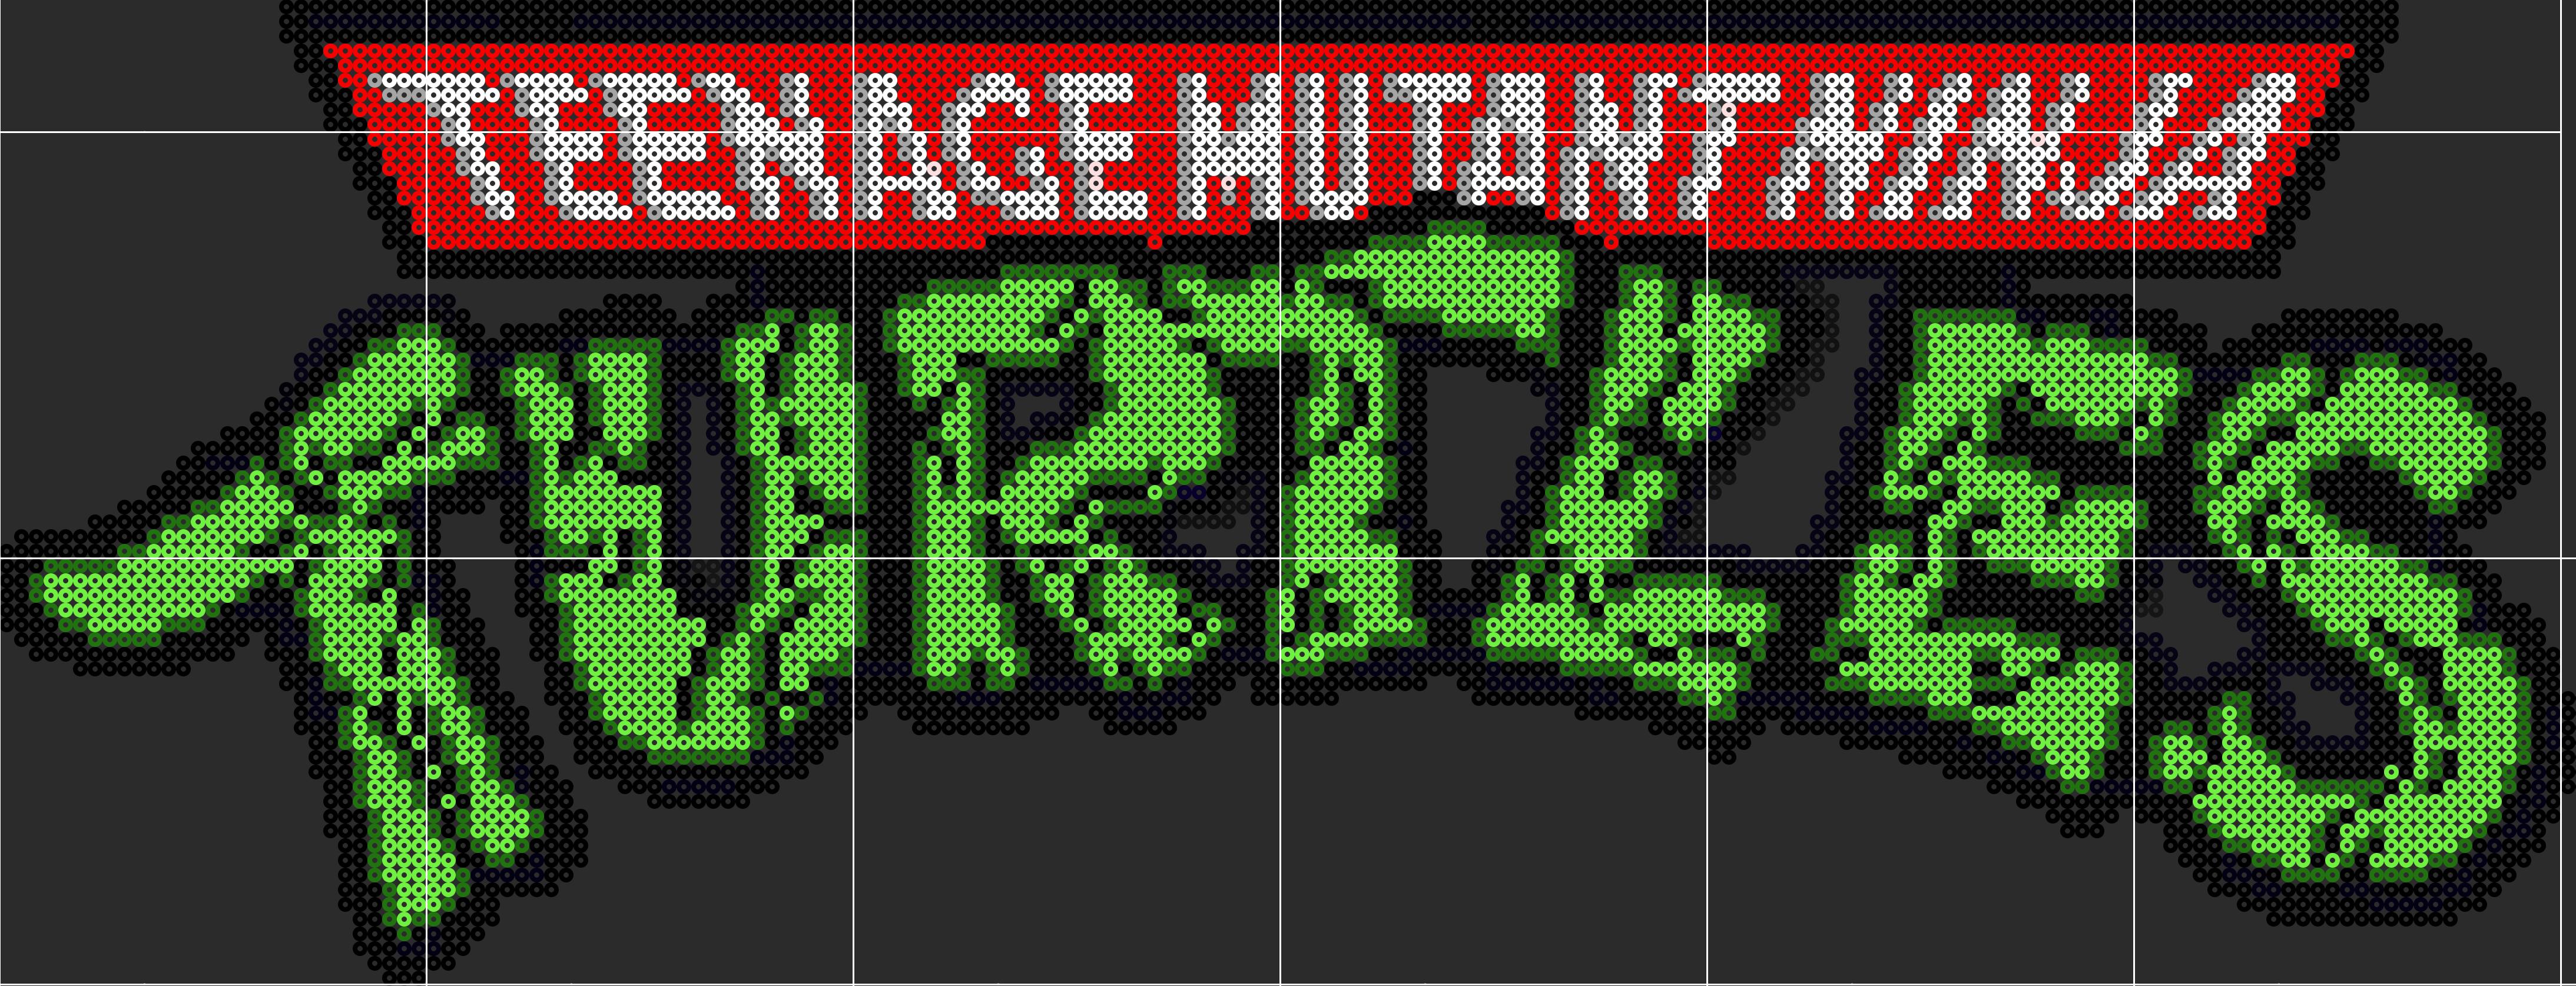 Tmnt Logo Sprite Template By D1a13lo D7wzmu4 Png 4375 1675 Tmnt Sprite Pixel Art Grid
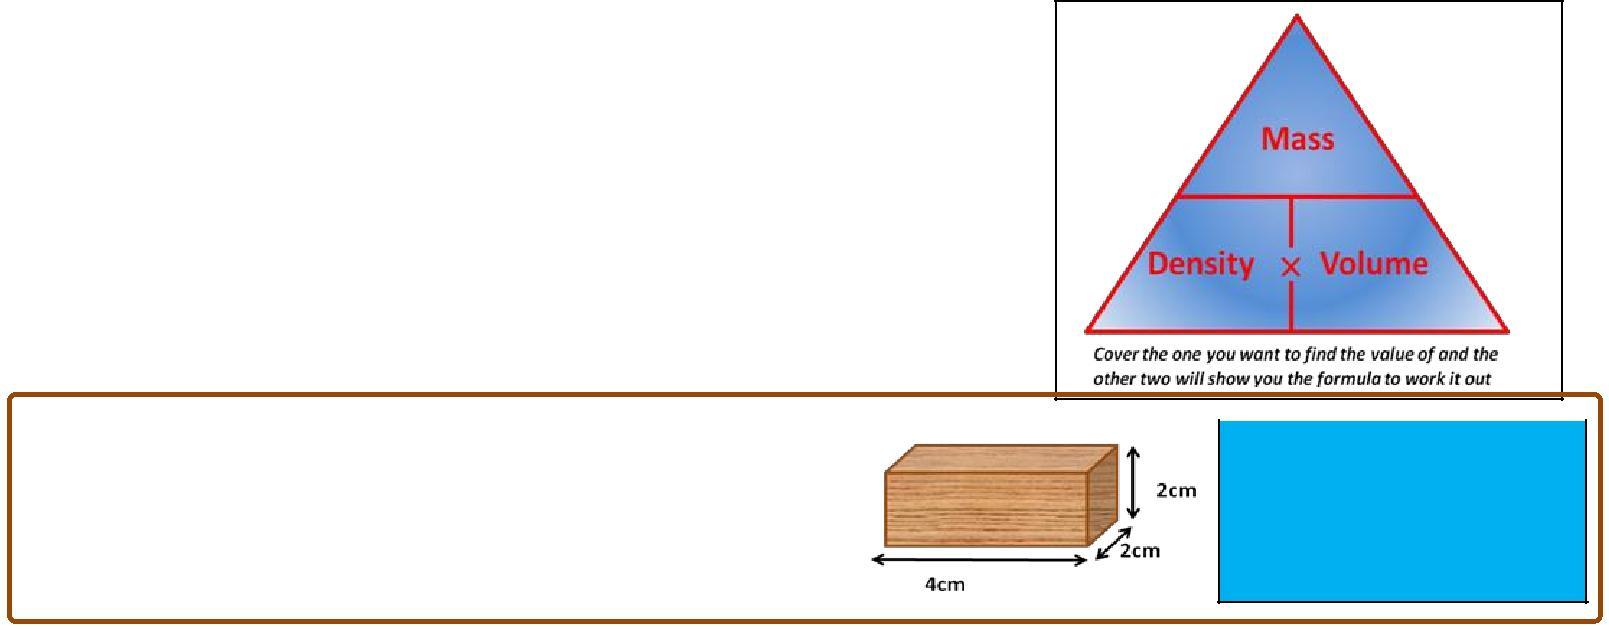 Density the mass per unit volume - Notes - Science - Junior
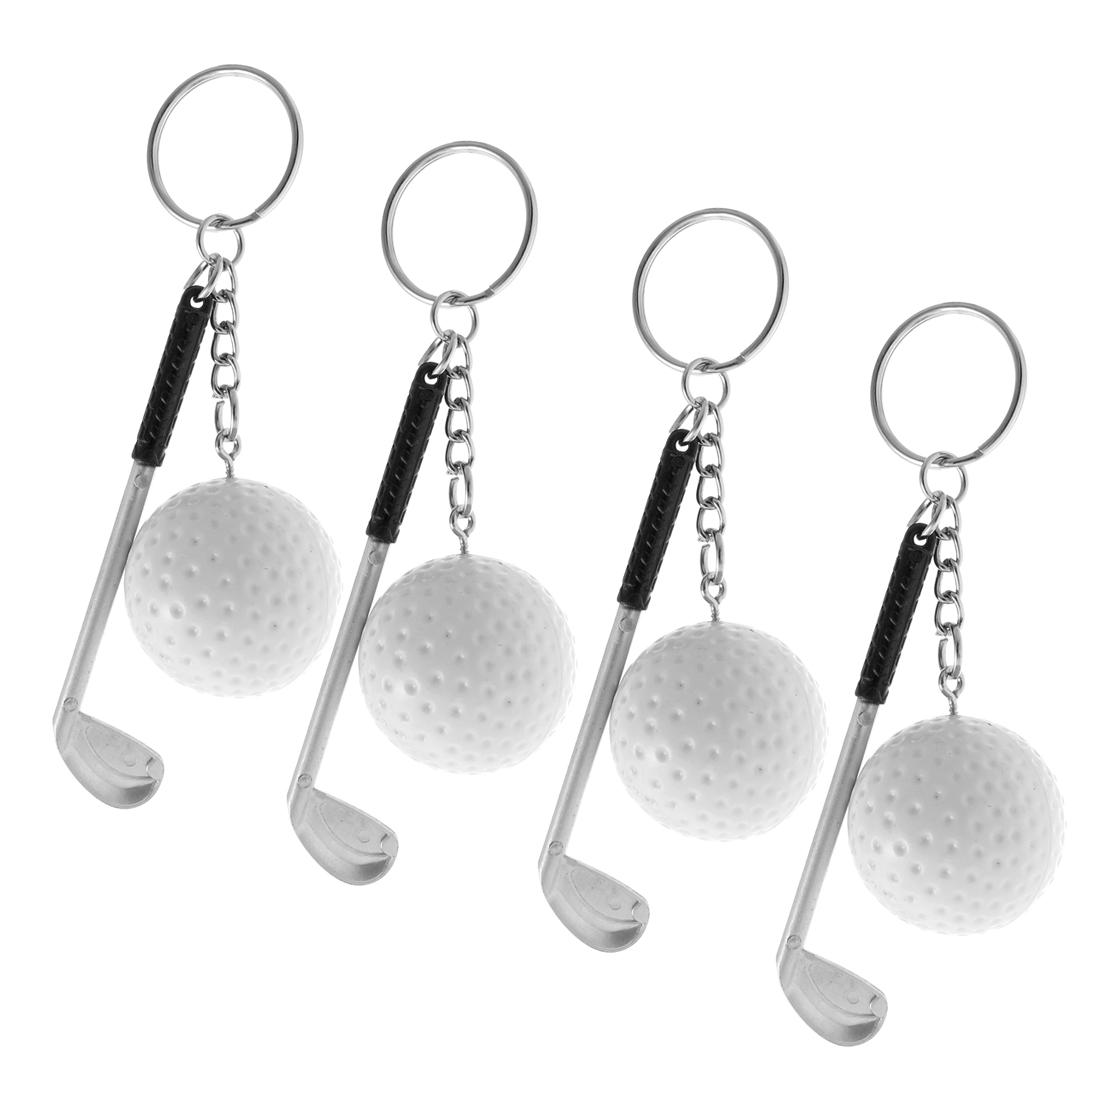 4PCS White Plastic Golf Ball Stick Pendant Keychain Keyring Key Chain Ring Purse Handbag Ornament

__________

[Problem description] Pictures aside, the material must be written out word for word.

[Output below]
 Tmnt Logo Sprite Template By D1a13lo D7wzmu4 Png 4375 1675 Tmnt Sprite Pixel Art Grid
 Density the mass per unit volume - Notes - Science - Junior
 4PCS White Plastic Golf Ball Stick Pendant Keychain Keyring Key Chain Ring Purse Handbag Ornament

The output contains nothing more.